▶ STORED DATA:
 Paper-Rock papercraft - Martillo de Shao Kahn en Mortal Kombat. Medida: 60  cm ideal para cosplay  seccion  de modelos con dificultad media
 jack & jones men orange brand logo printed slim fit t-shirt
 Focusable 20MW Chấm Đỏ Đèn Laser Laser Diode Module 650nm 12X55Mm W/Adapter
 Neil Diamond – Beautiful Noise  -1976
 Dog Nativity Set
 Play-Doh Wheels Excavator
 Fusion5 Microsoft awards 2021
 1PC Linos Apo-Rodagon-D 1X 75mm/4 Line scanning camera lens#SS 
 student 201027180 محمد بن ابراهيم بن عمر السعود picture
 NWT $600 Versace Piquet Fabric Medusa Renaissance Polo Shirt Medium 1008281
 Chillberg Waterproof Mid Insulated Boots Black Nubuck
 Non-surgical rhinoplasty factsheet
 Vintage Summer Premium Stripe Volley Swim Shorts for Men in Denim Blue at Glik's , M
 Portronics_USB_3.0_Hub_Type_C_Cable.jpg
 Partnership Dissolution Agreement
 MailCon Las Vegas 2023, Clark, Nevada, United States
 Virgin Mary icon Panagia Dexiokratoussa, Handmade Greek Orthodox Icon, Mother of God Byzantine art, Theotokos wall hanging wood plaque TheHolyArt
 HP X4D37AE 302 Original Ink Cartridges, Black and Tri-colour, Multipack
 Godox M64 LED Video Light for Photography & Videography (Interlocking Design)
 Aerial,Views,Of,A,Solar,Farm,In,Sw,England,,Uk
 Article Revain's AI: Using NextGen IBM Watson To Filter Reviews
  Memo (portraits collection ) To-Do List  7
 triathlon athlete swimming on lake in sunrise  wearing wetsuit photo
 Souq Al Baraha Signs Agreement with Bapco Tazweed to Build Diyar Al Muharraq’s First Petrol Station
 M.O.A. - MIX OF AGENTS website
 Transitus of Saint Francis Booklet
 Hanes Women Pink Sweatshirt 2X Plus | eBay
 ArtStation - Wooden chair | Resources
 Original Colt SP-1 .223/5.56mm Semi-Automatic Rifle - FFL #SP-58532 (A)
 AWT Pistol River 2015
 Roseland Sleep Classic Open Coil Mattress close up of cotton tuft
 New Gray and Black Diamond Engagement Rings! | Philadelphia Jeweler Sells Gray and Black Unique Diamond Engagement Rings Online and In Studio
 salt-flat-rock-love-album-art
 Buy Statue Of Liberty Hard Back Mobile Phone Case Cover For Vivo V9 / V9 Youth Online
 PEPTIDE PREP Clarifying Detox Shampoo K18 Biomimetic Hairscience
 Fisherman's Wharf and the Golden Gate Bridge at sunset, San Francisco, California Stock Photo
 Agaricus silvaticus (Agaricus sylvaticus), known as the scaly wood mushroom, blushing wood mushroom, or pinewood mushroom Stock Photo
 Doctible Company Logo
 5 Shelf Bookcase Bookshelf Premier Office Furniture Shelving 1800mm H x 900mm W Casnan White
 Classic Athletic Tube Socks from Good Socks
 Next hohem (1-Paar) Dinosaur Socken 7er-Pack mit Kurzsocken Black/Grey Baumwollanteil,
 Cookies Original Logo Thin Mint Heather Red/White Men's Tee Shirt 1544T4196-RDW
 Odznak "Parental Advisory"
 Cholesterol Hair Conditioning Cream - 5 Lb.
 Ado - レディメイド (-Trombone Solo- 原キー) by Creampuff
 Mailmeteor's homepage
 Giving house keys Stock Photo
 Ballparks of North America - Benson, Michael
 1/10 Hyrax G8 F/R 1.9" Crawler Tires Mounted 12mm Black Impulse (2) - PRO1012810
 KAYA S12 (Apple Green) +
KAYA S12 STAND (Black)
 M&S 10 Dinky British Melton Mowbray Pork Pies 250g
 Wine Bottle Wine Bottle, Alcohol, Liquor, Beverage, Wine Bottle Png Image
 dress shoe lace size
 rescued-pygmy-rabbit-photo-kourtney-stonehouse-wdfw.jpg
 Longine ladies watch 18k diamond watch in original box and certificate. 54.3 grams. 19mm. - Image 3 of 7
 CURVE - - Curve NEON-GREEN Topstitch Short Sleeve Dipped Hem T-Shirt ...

▶ INSTRUCTIONS TO FOLLOW: Return every line of the records in which the word "Classic" is found.

▶ SOLUTION TO THIS PROBLEM:
 Roseland Sleep Classic Open Coil Mattress close up of cotton tuft
 Classic Athletic Tube Socks from Good Socks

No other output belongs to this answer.